AT13387, an inihibitor of HSP90 with options for oral delivery, is currently being administered as an intravenous formulation in a Phase II trial for patients with gastrointestinal stromal tumor (GIST cancer) in combination with imatinib, and also in a Phase I study in cancer patients with solid tumors.
Definition from NCI Drug Directory: A synthetic, orally bioavailable, small-molecule inhibitor of heat shock protein 90 (Hsp90) with potential antineoplastic activity. Hsp90 inhibitor AT13387 selectively binds to Hsp90, thereby inhibiting its chaperone function and promoting the degradation of oncogenic signaling proteins involved in tumor cell proliferation and survival. Hsp90, a chaperone protein upregulated in a variety of tumor cells, regulates the folding, stability and degradation of many oncogenic signaling proteins
Mode of Action: AT13387 is a selective small molecule inhibitor of Heat Shock Protein 90 (Hsp90).
Manufacturer: Astex Therapeutics www.astex-therapeutics.com/
Information at manufacturer site: http://astx.com/pipeline/products/clinical#at13387
Current Clinical Trials:
NCT01294202 A Study to Investigate the Safety and Efficacy of AT13387, Alone or in Combination With Imatinib, in Patients With GIST (Phase II) recruiting
The HSP90 inhibitor, AT13387, demonstrates potent anti-tumor activity in both imatinib-sensitive and imatinib-resistant gastrointestinal stromal tumor models.
Smyth et al poster number A217 presented in November 2011 at AACR/NCI/EORTC conference on Molecular Targets and Cancer Therapeutics.

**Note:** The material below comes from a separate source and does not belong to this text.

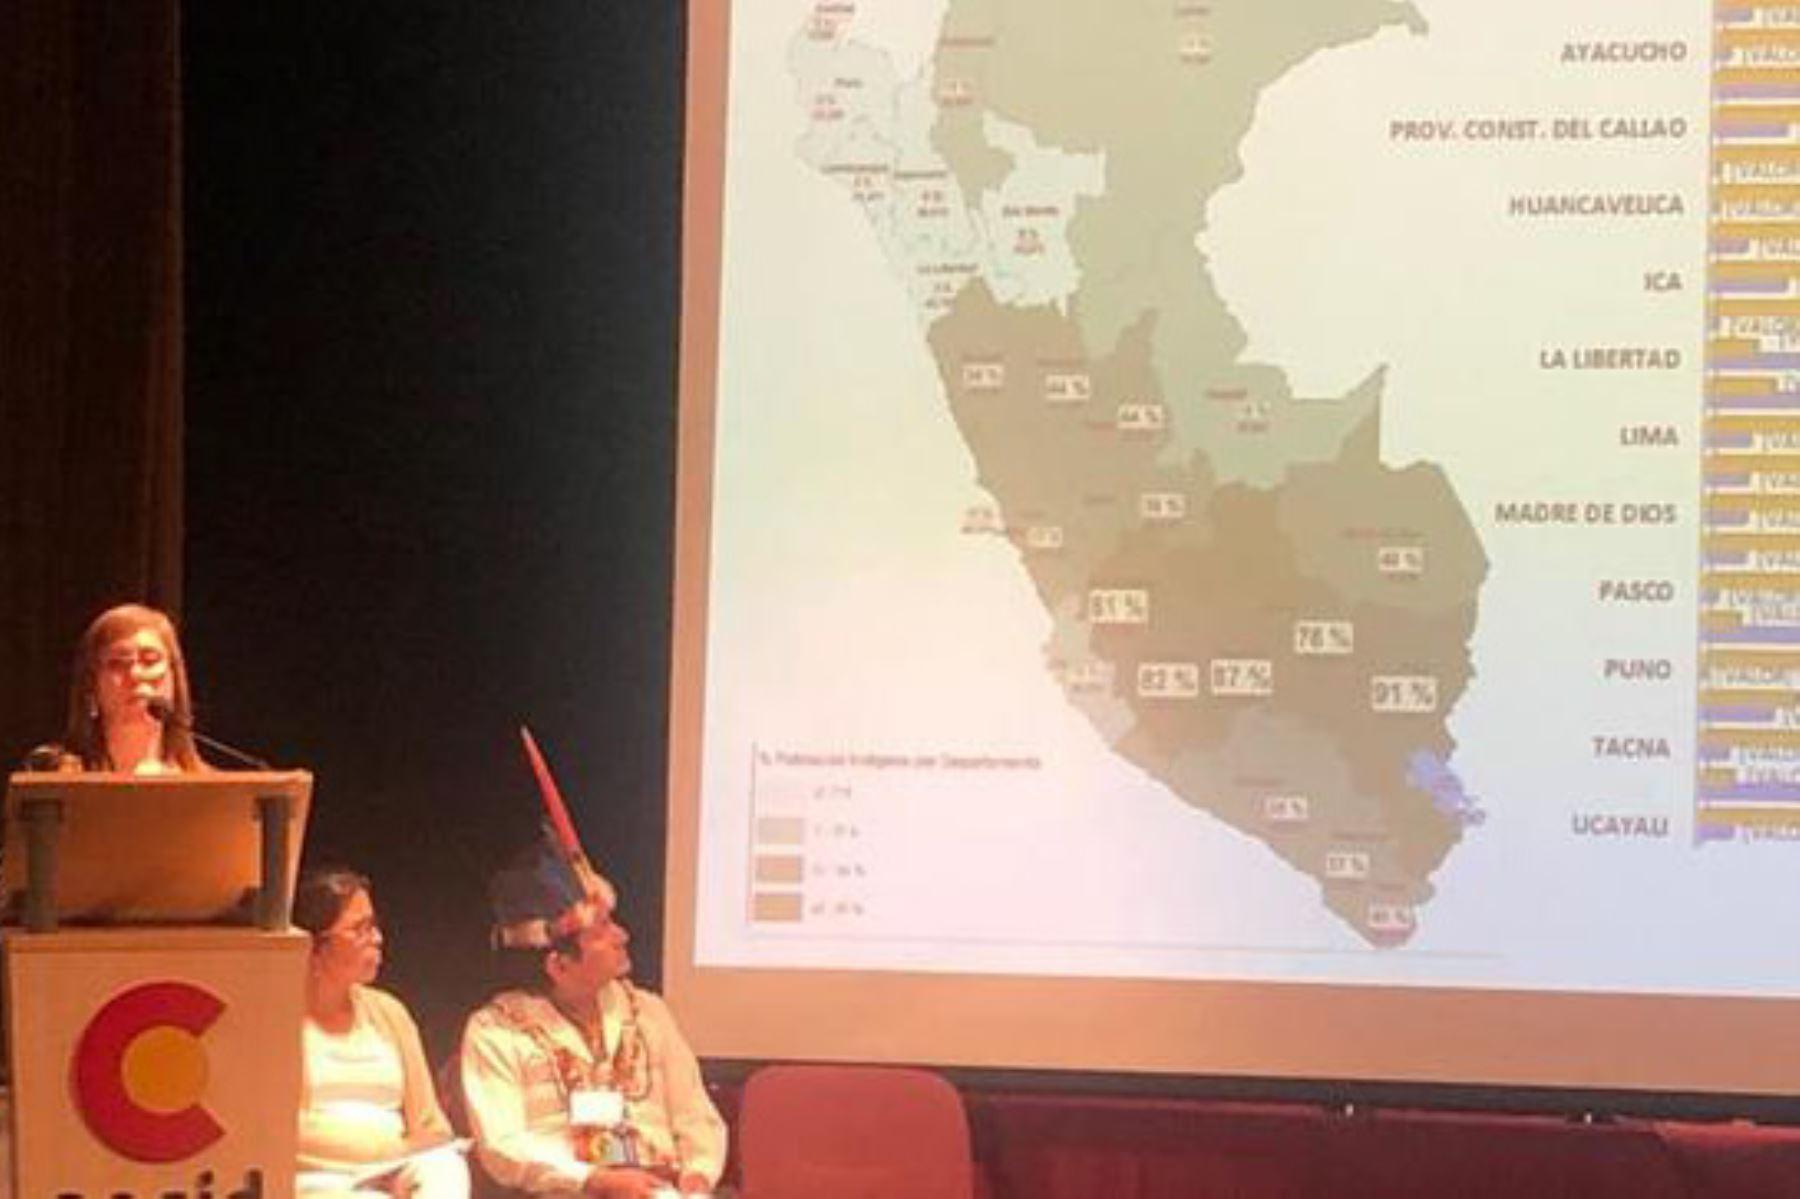 Elena Burga Cabrera, viceministra de Interculturalidad del Ministerio de Cultura, participa en reunión regional del consejo directivo del Fondo para el Desarrollo de los Pueblos Indígenas de América Latina y El Caribe (FILAC), en Bolivia.

Here is a quote from the abstract: "In vivo, the efficacy of AT13387 was tested in imatinib-sensitive (GIST-PSW) and imatinib-resistant (GIST430) xenograft models. AT13387, dosed once a week, inhibited the growth of both xenografts; depletion of phospho-KIT and inhibition of KIT signalling were again seen in these tumors. As expected, treatment with imatinib caused significant regression of the GIST-PSW tumors but not of GIST430. The combination of imatinib and AT13387 significantly enhanced tumor growth inhibition (T/C 21%) over either of the monotherapies (T/C 30% for AT13387, 46% for imatinib) in the GIST430 xenograft. Importantly, the combination was well tolerated."
Earlier, preclinical data showing efficacy for AT13387 in tumor models was presented at the American Association for Cancer Research annual meeting in April 2007. The effects of AT13387 have been investigated in several model systems including lung and melanoma models that have proved to be particularly sensitive to the agent.
Astex Therapeutics presented key data differentiating its HSP90 inhibitor, AT13387, at the 100th AACR Annual Meeting 2009. This highlighted the significance of the extremely long duration of the tumor-targeted pharmacodynamic action of AT13387.
Presentation Title: Significance of long term pharmacodynamic actions of the HSP90 inhibitor AT13387
This can be seen at:
“Preclinical data showing the efficacy of AT13387 in tumour models was previously presented at the AACR Annual Meeting in April 2007 and Astex commenced the first Phase I clinical trial of the compound in cancer patients during 2008. Studies in tumor models in vivo show that a single dose of AT13387 results in loss of client proteins for 72 hrs or more, substantially longer than reported for other inhibitors in this class. Newly presented in vitro data reveal how this property provides a means to clearly differentiate the superior profile of AT13387 from other drugs in this class The significance of these observations to the ongoing Phase I clinical study with AT13387 are under investigation.”